Education & Development
IT & Security Boot Camps
Security Awareness Training
Shon Harris's 2nd edition and 3rd edition?
I am starting to study for the CISSP and I have Shon's second edition book. Am I missing much by not having the 3rd edition? Would you consider it important to get the 3rd editon book rather than use the second editon for studying? Thanks.
I have read several people (including in some older topics here) mentioning that if you already have the 2nd edition, you're better off buying another book (ie. official ISC2 guide) than the 3rd edition. That's 'hearsay evidence' though.
Hopefully others here can fill you in on the differences.

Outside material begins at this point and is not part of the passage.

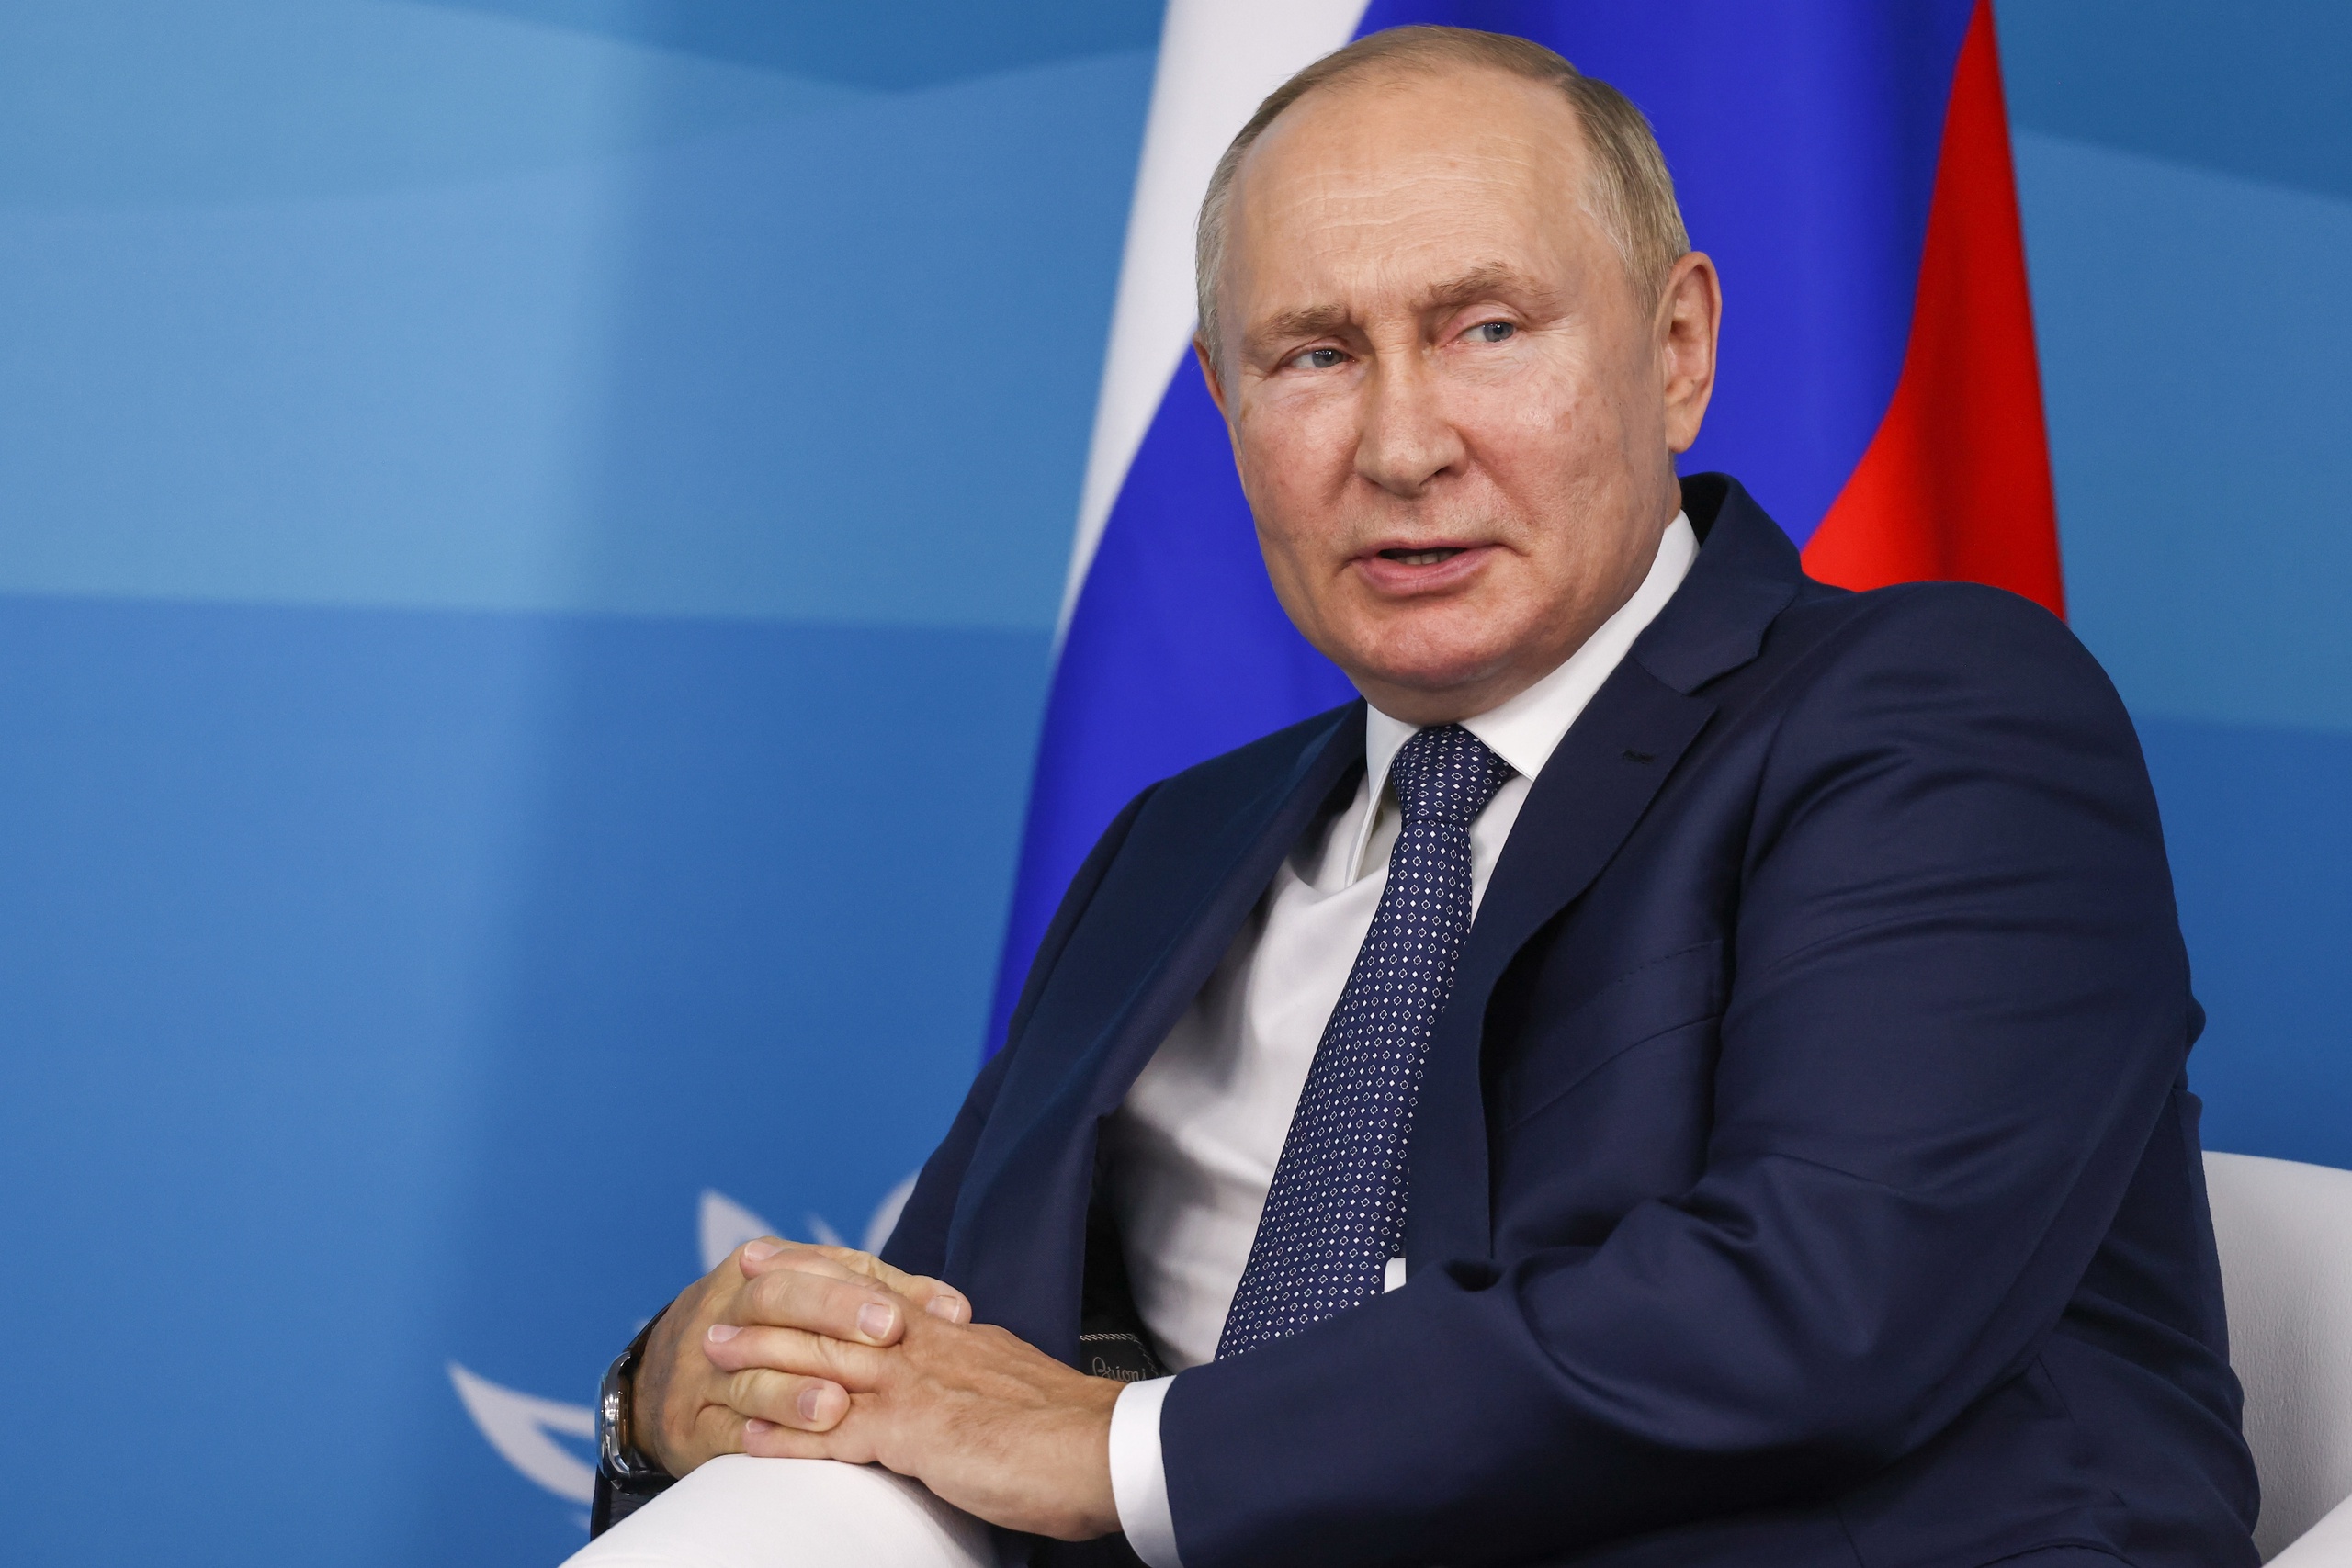 Rusland is volgens Poetin steeds meer aan het kijken naar economische mogelijkheden in het Midden-Oosten en Azië.

The third edition is a little more concise and it's an even easier read than the second edition (which is a pretty easy read too). There will obviously be some advantages to having the third edition, there are a few things in it that are made clearer in comparison to the 2nd edition. But if you already have the 2nd edition, I don't think it's worth it to buy the 3rd edition as far as passing the exam. Instead, go ahead and get the ISC2 official guide and maybe one other book to help. Now this is the most important thing; Identify the domains you have no experience in or the domains you are weak in, then go ahead and start reading other reference material concerning those domains. For example, I read three books on just cryptography, and 2 books on Law and Ethics, then another two books on application security. The Harris book and others are really only designed to give you a good over view of the domains you must have a solid understanding of to pass the exam. If you've been dealing with networks and network/telecom security, then probably the Harris book and the ISC2 official guide will be plenty. However, if you've never dealt with physical security, or law, or cryptopgraphy, then you will definantly need to read outside of these exam prep guides. Good luck, you can do it.

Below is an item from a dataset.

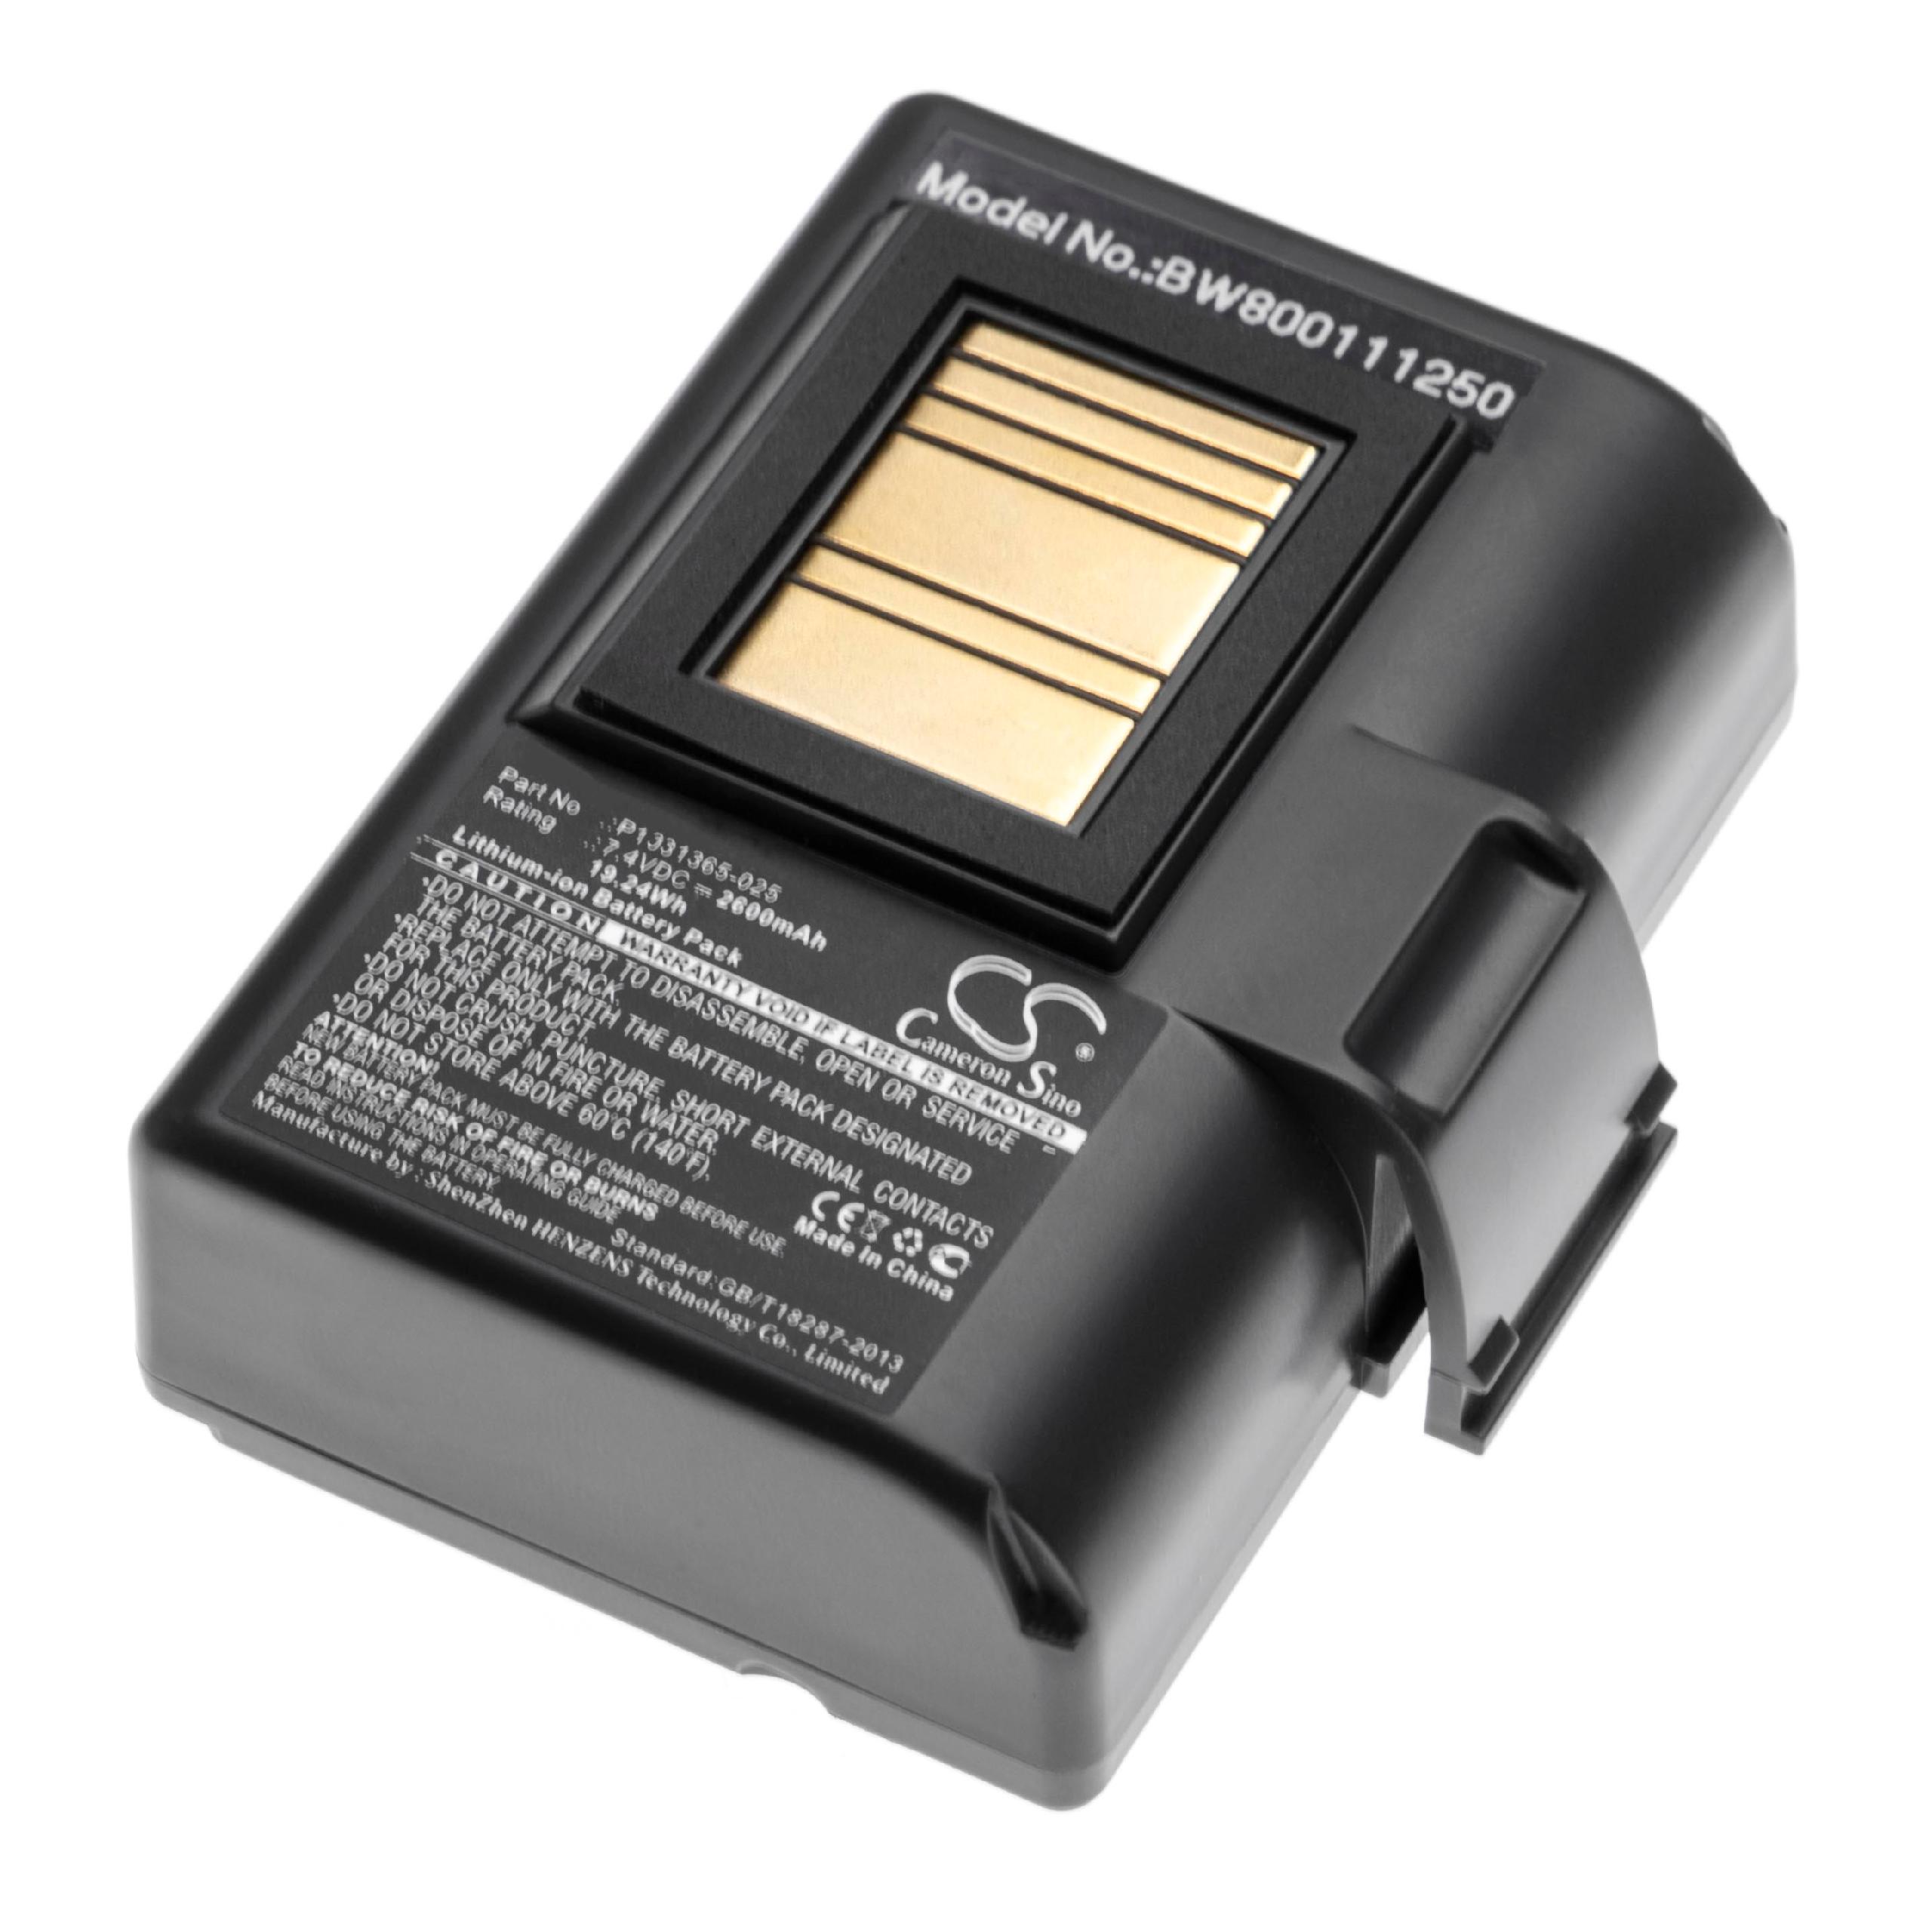 Akumulator do drukarki / drukarki etykiet zamiennik Zebra AT16004, BTRY-MPP-34MA1-01 - 2600 mAh 7,4 V Li-Ion

I happen to have both versions and find the 3rd to be more comprehensive and up to date. Plus it comes with the complete version on CD, which is a HUGE plus to me. The 2nd contains some older material that I have heard (though cannot confirm) that is not relevent to the current exam like HIPPA, which by the way, only has a half of a page dedicated to it in the 3rd edition, but has several questions on the exams on the CD, which is a little puzzling.
I didn't use the 2nd at all for study, but used the 3rd extensively and I found it to be an excelent guide. Though I did supplement it with other books, study guides, practice tests and the NIST site.
If I were you, I would want an updated source for sure The idea of using the Official guide in addition to your Harris 2nd, is as good an idea as buying the Harris 3rd. But even then, you will still want supplemental references for any unfamiliar domains.
Good luck and please keep us posted.
Lack of will power has caused more failure than lack of intelligence or ability.